Its definitely a noteworthy accomplishment. Not sure of all the benchmarks they used, but hopefully they tested more than just hardware accelerated operations or else it detracts from overall versatility a bit.
I, for one, am constantly amazed by the performance of such mobile/small devices (regardless of type and model). However, shouldn't such a result also say something about the iMac (or any other "desktop" for that matter)? I mean, 5 years is not that much when it comes to performance; "shrinking" a desktop in 5 years (while keeping the performance) to such an extent seams unlikely.
I think it's impressive in a general Moore's law is mind-boggling way, in the way my phone is more powerful than the desktop I bought in 2007. Nothing particular to this SoC, and nothing special about this particular comparison to this particular machine.

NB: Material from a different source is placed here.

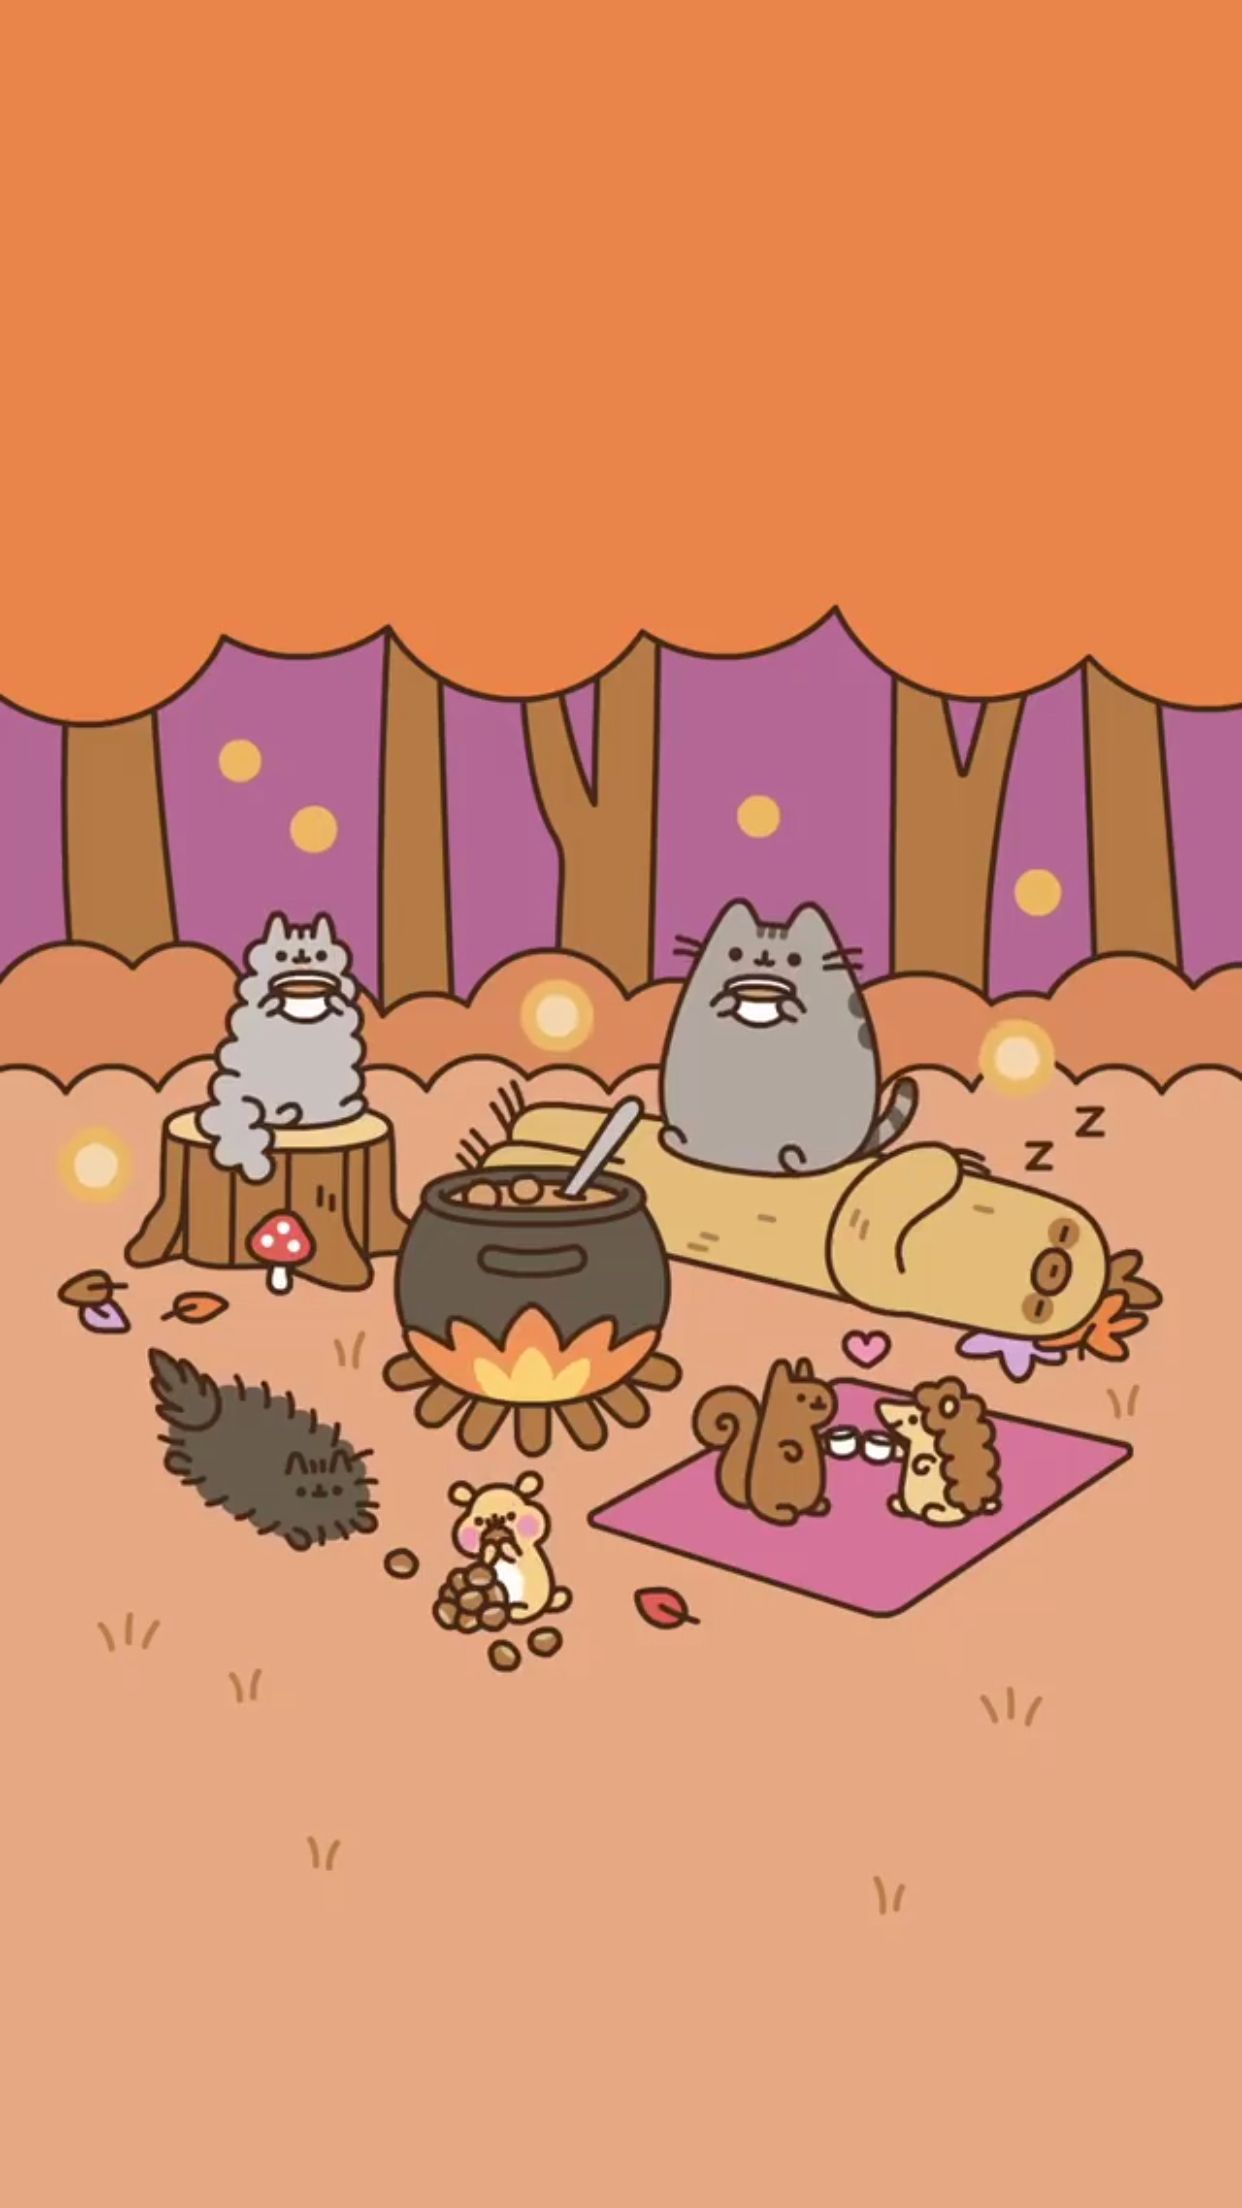 pusheen camping wallpaper ♡. Pusheen cute, Pusheen cat, Pusheen

the i7 can keep that performance indefinitely though. Can the SoC do the same thing (i.e. not trigger thermal throttling) without active cooling and on battery power?
Honest question btw, I have no idea how the Apple cpu behaves in this scenario.
It makes the point of a click-bait headline :).
Try running a latest gen Intel i7 against the latest ARM chip on desktop workloads (high-end gaming, databases, compilers, video encoding, AI computation, etc.) and we will see a bit of a different picture.
And while these small devices do an amazing job, one should never forget that they are also extremely optimized for efficiency. Intel Desktop CPUs have different goals and you need to take the whole picture into account at which point you will see that comparing Intel & ARM is like comparing apples and bananas.
> desktop workloads (high-end gaming, databases, compilers, video encoding, AI computation, etc.) and we will see a bit of a different picture.
Well that still matters. A lot of desktop user even in enterprise are not doing any of that and 5 year old machine is perfectly good enough. We are talking 10's of thousands of desktop in each large company have become matched in power by the latest smartphone and tablet.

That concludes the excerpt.